Almost 30 years to the day that a young, Harvard-trained American lawyer won a famous judgment at the International Court of Justice (ICJ) against the United States, Paul S Reichler pulled off another momentous victory at The Hague. This time the judgment was against China for having breached its international treaty obligations in the South China Sea.

Washington refused to honour the 1986 award, citing Managua’s selective application of the law, the highly charged political nature of the case and the ICJ’s overreach in asserting jurisdiction. Later that year, it cast the sole veto against a UN Security Council draft resolution calling for full and immediate compliance with the judgment. China was one of 11 states on the Council to vote in favour.

Beijing now restates each of the accusations made by the defence that day. Yet one hopes that it will set a better example of compliance than Washington. It is also in its enlightened self-interest to do so.

China’s emerging policy approach is one of non-acceptance of the award while supporting escalation control on the ground. This is coupled with an offer to negotiate with the Philippines. The political cost–benefit calculus underlying this policy will gradually but decisively shift against China with each passing month — especially as Manila forces the issue in order to collect the benefits conferred by the award.

Hanoi too stands poised to force claims that it enjoys traditional fishing rights within the territorial sea of the Paracel Islands. It can also claim, pointing to the award, that none of the high-tide features there are fully entitled islands, and that, as a result, the features cannot generate their own exclusive economic zones (EEZs).

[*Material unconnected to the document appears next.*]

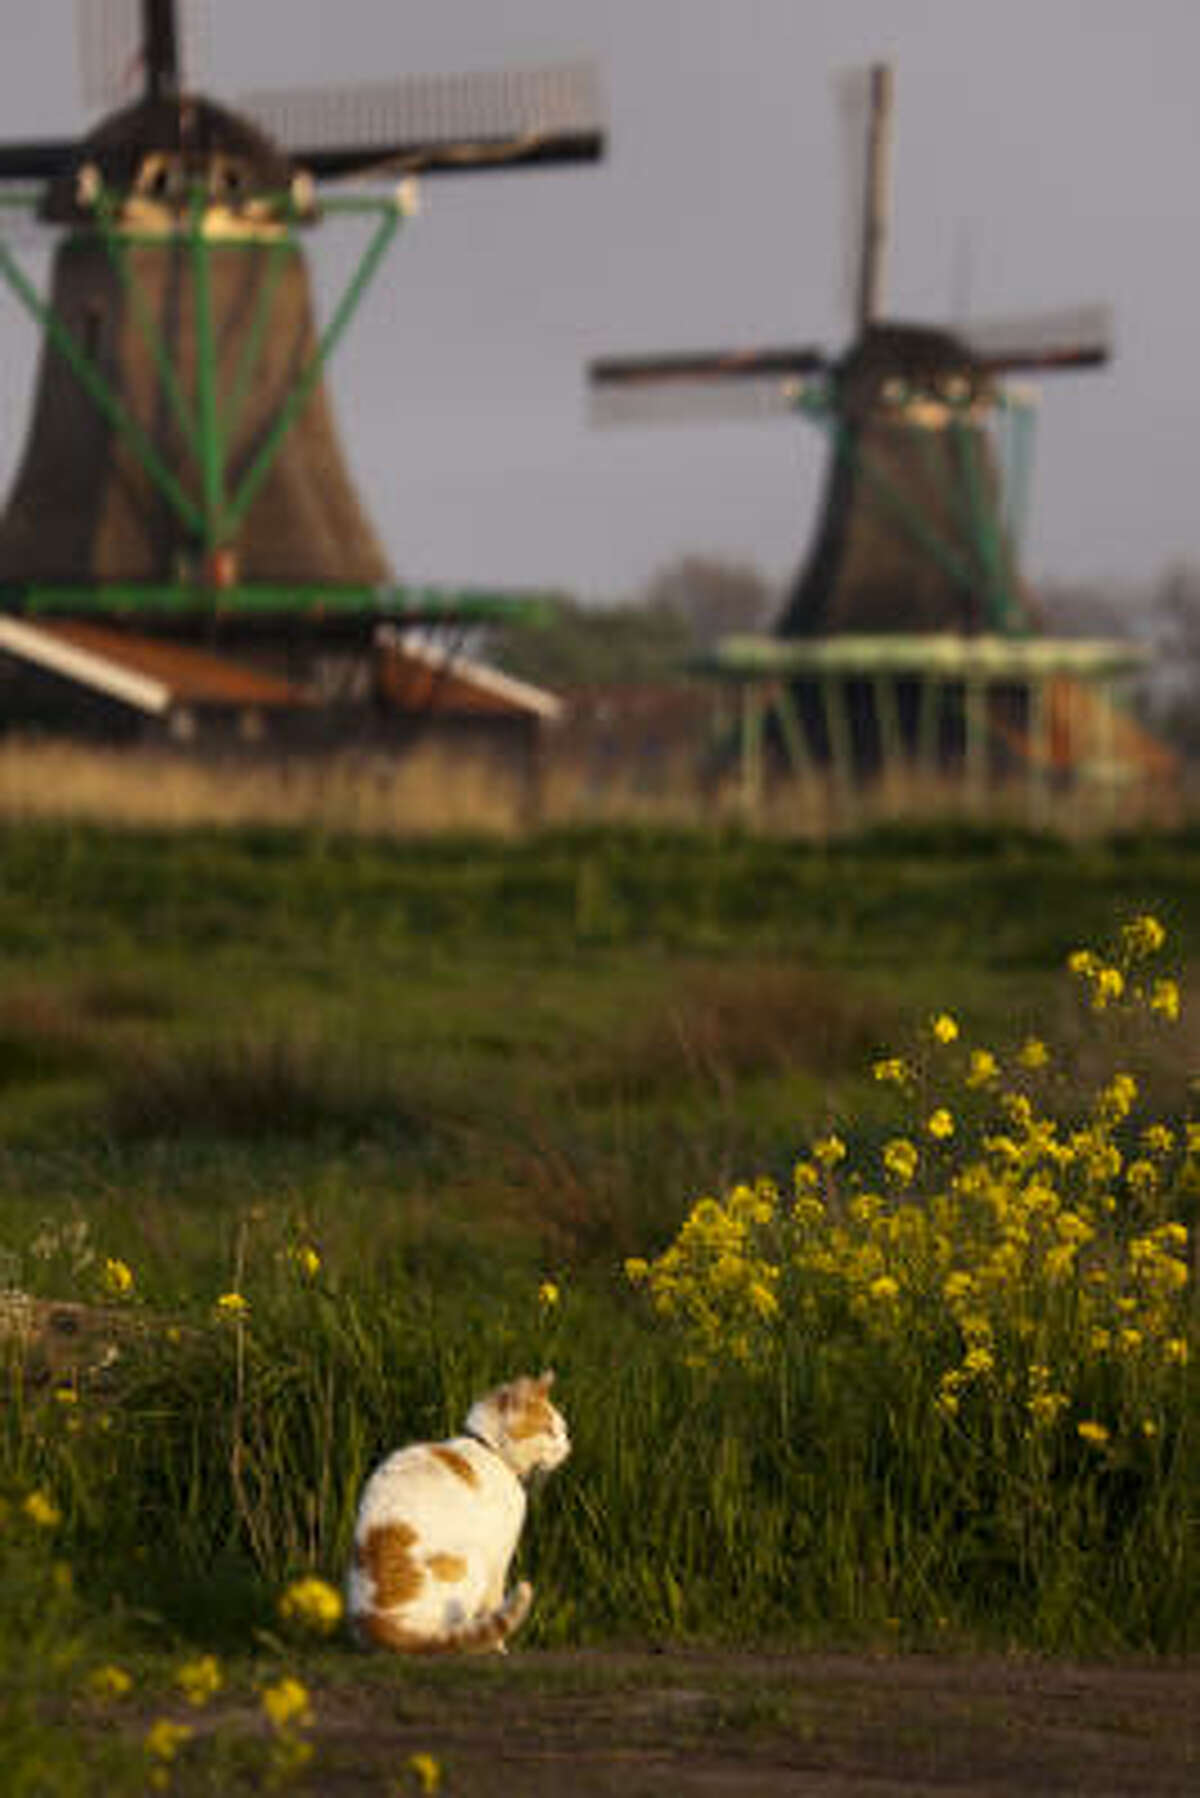 A cat takes in some evening sunshine amidst windmills at Zaanse Schans.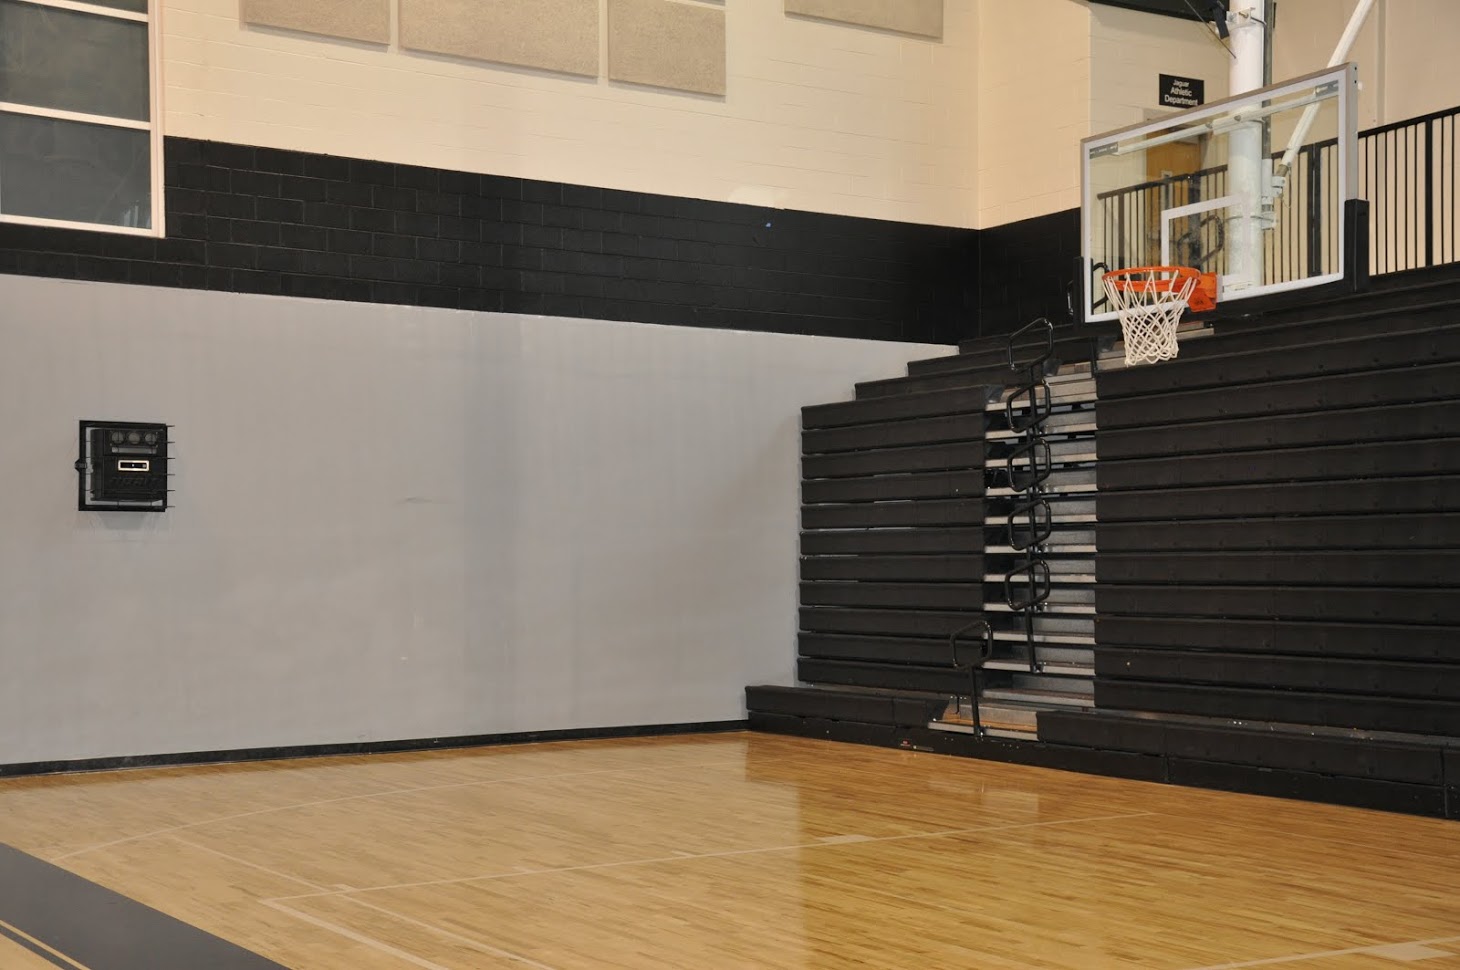 Having a Noah Shooting system will not affect the way you currently practice and can be used with multiple teams.

China’s favoured ‘dual-track’ approach holds that disputes should be resolved through talks between directly concerned parties, while China and ASEAN countries should jointly pursue stability in the South China Sea. In light of the ruling, China must discreetly implement an ‘early harvest’ set of compliant actions within this ‘dual-track’ framework. These could include allowing re-entry of Filipino traditional fishermen to the territorial sea of the Scarborough Shoal and China withdrawing its paramilitary presence from the Second Thomas Shoal area.

Beijing should also seize this opportunity to clarify the geographic limits of its ‘relevant waters’ claim in the South China Sea and the functional nature of the ‘historic right’ of access that it seeks in these waters.

ASEAN too must brace for the implications of the award, particularly on the security front. The decision to annul all extended maritime claims associated with China’s land features on the Philippines’ continental shelf is effectively an endorsement of a 2009 submission filed by Malaysia and Vietnam to the Commission on the Limits of the Continental Shelf. That submission also implied that none of the features in the Spratlys group were capable of generating EEZs or continental shelf rights.

That filing took China by surprise and touched off a protest note featuring the nine-dash line. The Tribunal’s ruling will encounter a similar, if not greater show of resolve by Beijing, both on the table and at sea.

Sovereignty-linked issues of jurisdiction have always been tied to a larger political calculus of stability and good neighbourliness. China’s rulers have not been shy in calibrating their stance between a hardline and a flexible one to suit the strategic circumstances at hand.

Should Philippine ‘armed forces’ or ‘public vessels’ provide escort to private efforts to restart oil and gas development on its continental shelf, the United States could be drawn into the line of fire. This would have cascading implications for peace and stability in the South China Sea.

The Tribunal’s award brings into question the call to expeditiously conclude a China–ASEAN ‘Code of Conduct’ (COC). The area of application of the COC’s rules was premised on the existence of unresolved maritime boundary areas of concerned parties in the South China Sea. Having produced a de facto delimitation of the China–Philippines maritime boundary (and furnished principles for the China–Vietnam one too), the Tribunal has effectively undercut the raison d’être that sustains the envisaged code.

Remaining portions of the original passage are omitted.